>>>>>

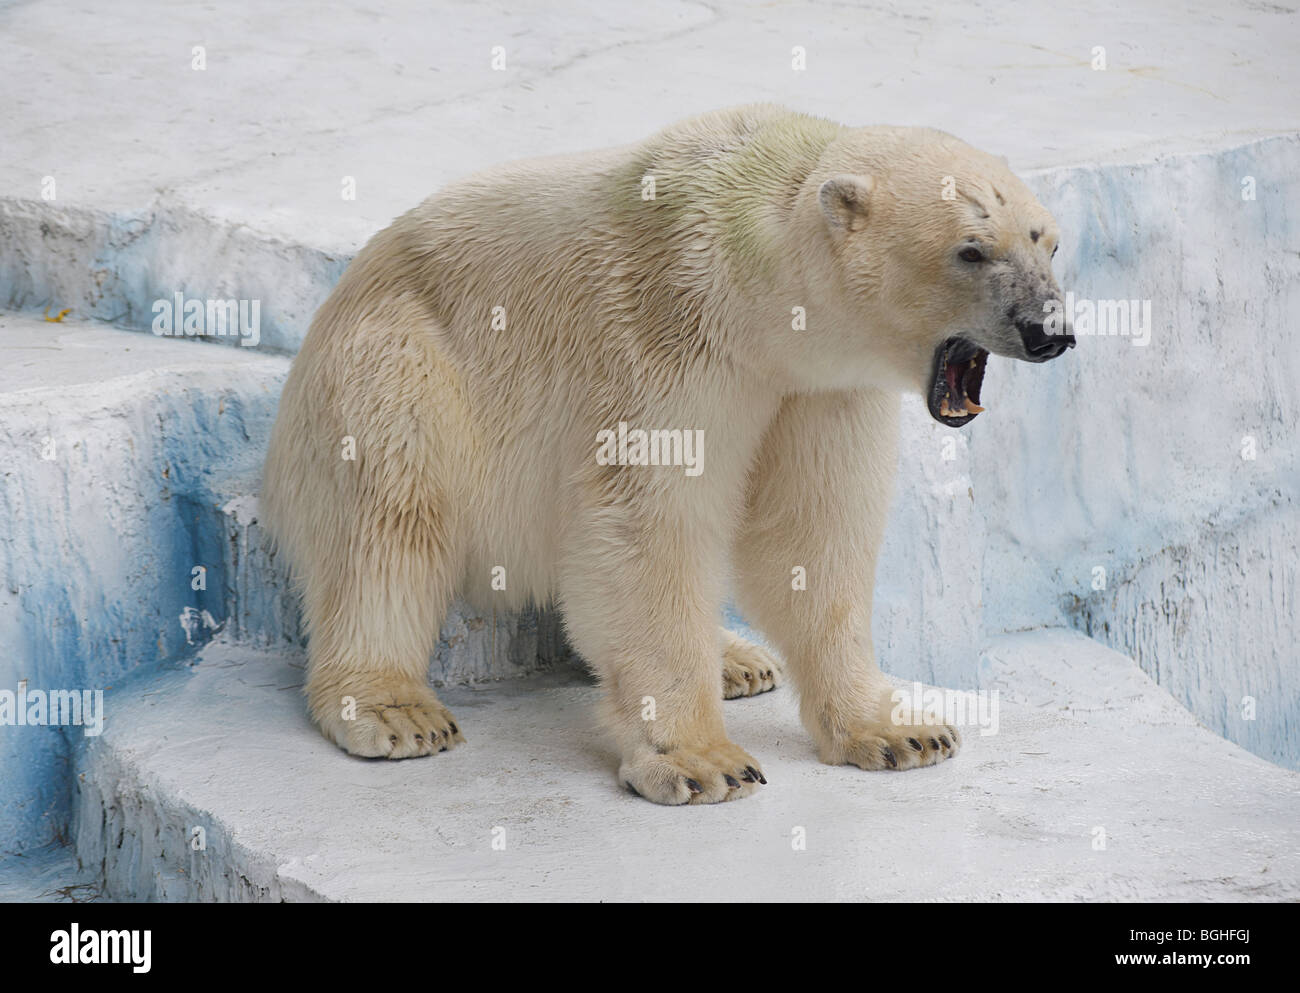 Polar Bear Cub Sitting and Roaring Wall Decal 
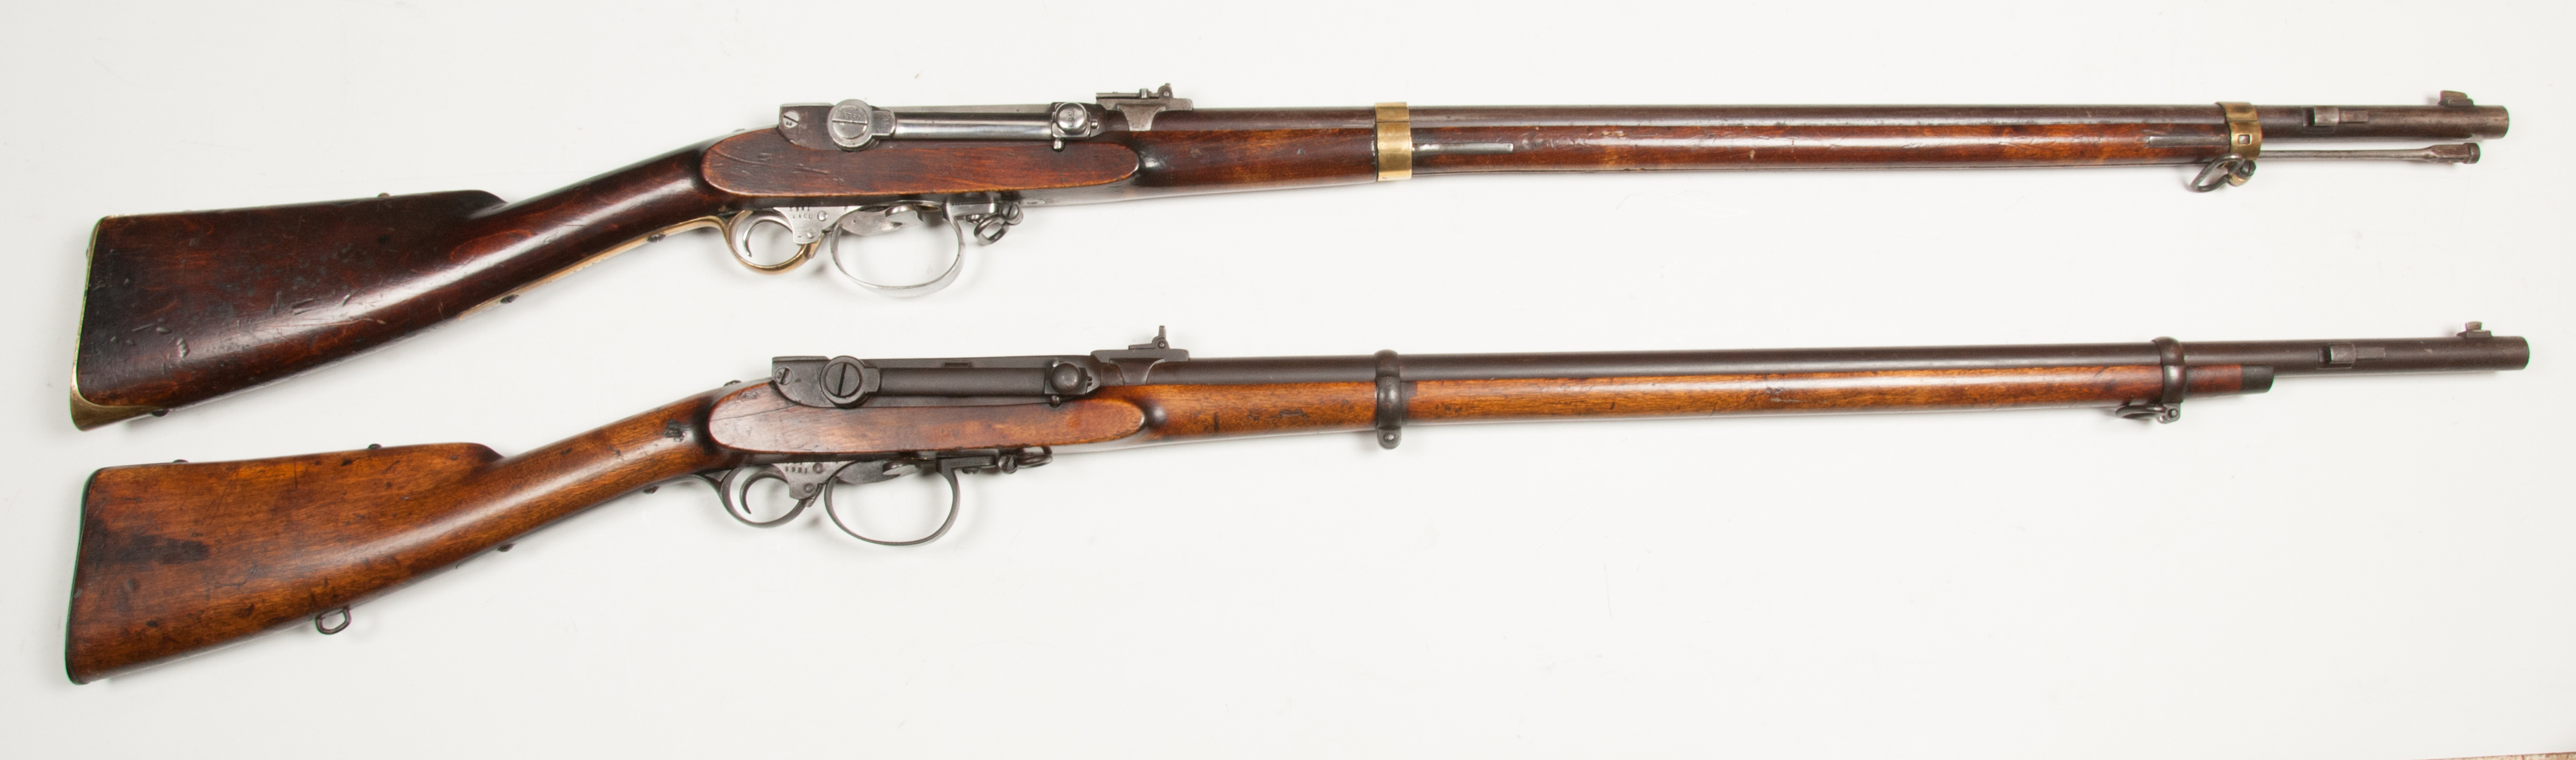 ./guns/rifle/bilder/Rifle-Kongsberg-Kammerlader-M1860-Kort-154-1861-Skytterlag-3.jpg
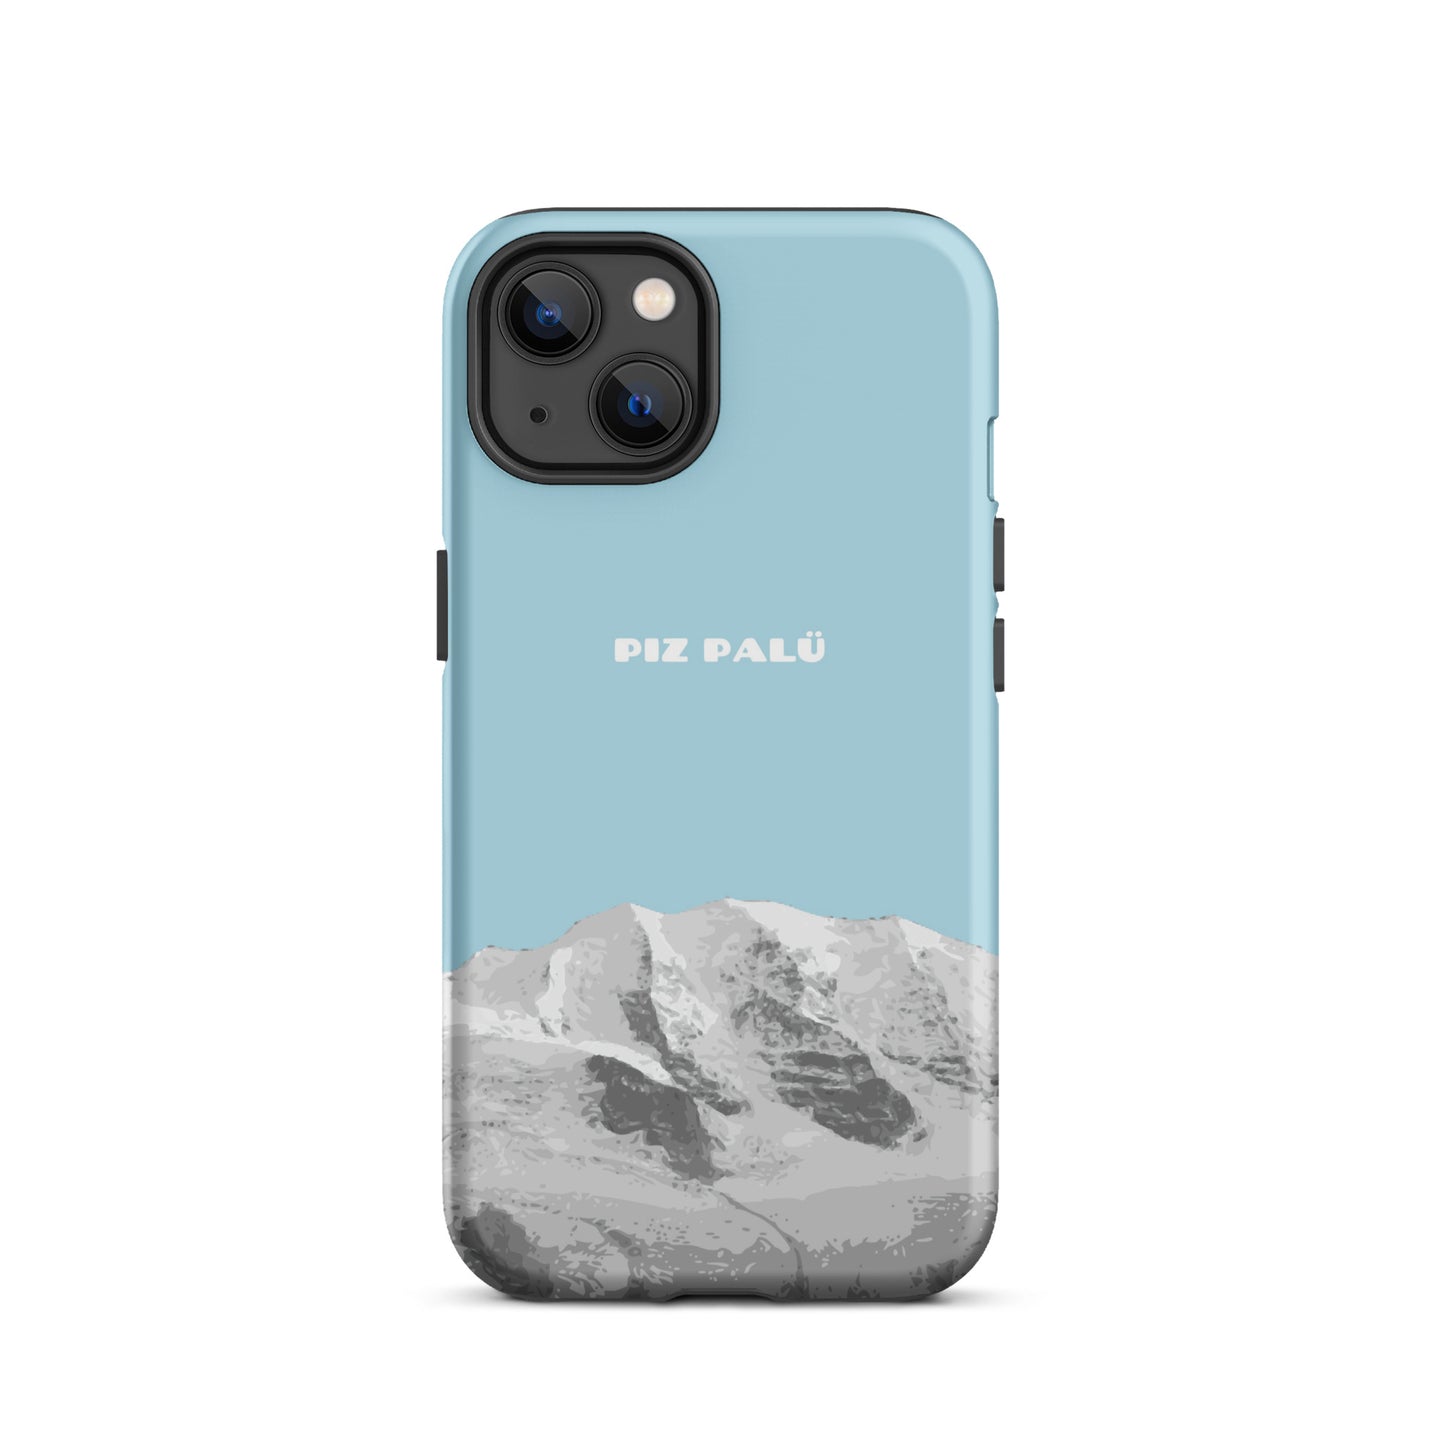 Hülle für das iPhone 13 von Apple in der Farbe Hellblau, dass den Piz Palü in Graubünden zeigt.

<<<<<
>>>>>

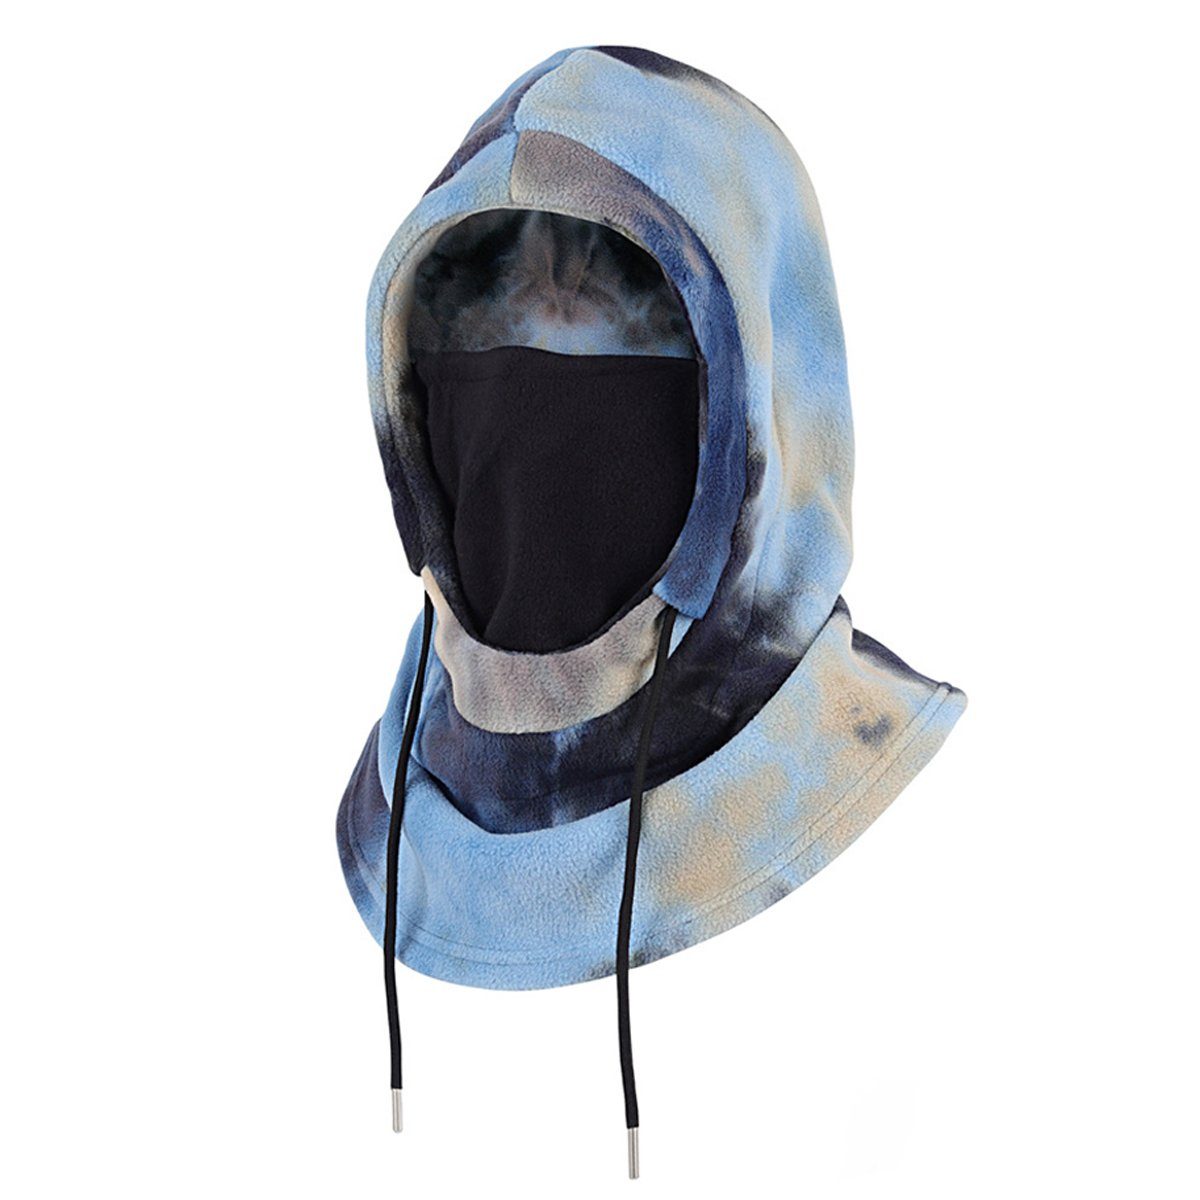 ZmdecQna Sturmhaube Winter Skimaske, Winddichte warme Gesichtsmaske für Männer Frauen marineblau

<<<<<
>>>>>

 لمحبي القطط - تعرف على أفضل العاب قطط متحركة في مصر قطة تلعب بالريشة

<<<<<

_What to produce_: Would you set down only the lines above from the line with "Polar Bear Cub" to the line with "Hülle für das", both included, exactly as they stand and without the pictures?

_Answer below_:
 Polar Bear Cub Sitting and Roaring Wall Decal 
 ./guns/rifle/bilder/Rifle-Kongsberg-Kammerlader-M1860-Kort-154-1861-Skytterlag-3.jpg
 Hülle für das iPhone 13 von Apple in der Farbe Hellblau, dass den Piz Palü in Graubünden zeigt.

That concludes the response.